TASK DETAILS:
The answer must be a single number: the count of lines in the listing that hold the string "Star".

LISTED ENTRIES:
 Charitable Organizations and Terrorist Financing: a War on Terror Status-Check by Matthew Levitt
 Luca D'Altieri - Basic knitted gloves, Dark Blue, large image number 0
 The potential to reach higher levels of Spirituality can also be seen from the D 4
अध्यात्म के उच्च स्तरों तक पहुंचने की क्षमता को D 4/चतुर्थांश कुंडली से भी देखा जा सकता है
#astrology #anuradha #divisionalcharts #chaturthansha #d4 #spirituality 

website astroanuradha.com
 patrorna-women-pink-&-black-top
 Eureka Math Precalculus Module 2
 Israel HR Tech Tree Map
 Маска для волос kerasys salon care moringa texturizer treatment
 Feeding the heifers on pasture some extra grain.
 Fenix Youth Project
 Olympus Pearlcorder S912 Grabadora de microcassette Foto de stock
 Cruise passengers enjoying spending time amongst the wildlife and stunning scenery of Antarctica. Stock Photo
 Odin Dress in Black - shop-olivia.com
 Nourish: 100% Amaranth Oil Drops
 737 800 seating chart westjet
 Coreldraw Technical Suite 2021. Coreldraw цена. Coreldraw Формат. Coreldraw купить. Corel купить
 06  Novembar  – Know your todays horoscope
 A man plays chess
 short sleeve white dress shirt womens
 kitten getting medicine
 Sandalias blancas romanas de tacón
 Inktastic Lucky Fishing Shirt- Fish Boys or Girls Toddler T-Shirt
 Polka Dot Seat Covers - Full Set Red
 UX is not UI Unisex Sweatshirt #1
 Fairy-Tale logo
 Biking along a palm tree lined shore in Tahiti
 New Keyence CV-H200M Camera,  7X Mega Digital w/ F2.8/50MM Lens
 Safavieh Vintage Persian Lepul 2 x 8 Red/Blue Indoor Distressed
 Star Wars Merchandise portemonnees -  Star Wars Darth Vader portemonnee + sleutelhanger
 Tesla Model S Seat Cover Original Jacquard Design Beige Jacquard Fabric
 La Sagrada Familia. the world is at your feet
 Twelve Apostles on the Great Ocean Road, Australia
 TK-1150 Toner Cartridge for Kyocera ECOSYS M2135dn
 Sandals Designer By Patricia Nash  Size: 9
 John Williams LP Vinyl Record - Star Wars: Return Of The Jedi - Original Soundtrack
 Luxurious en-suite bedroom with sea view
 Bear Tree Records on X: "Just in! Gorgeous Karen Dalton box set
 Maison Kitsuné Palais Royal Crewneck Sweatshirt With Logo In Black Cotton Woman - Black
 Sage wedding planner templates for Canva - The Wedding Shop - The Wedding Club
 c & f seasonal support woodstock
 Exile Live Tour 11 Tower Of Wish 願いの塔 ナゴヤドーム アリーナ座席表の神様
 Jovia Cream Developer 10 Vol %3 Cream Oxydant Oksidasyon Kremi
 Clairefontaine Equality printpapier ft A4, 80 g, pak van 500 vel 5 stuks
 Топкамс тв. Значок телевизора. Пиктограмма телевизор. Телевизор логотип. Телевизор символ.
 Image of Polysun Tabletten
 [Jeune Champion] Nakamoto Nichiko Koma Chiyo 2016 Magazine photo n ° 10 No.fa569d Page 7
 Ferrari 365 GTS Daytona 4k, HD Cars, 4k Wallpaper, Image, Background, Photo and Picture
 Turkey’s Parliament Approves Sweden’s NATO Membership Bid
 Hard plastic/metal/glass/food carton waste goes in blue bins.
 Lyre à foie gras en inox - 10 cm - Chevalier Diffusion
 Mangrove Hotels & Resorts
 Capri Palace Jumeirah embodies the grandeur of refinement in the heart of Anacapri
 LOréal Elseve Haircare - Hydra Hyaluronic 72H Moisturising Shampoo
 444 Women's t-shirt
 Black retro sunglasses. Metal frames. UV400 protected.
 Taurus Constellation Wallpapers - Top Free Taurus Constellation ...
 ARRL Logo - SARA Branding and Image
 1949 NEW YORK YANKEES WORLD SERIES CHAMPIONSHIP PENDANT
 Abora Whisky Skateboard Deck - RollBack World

ANSWER SPACE:
2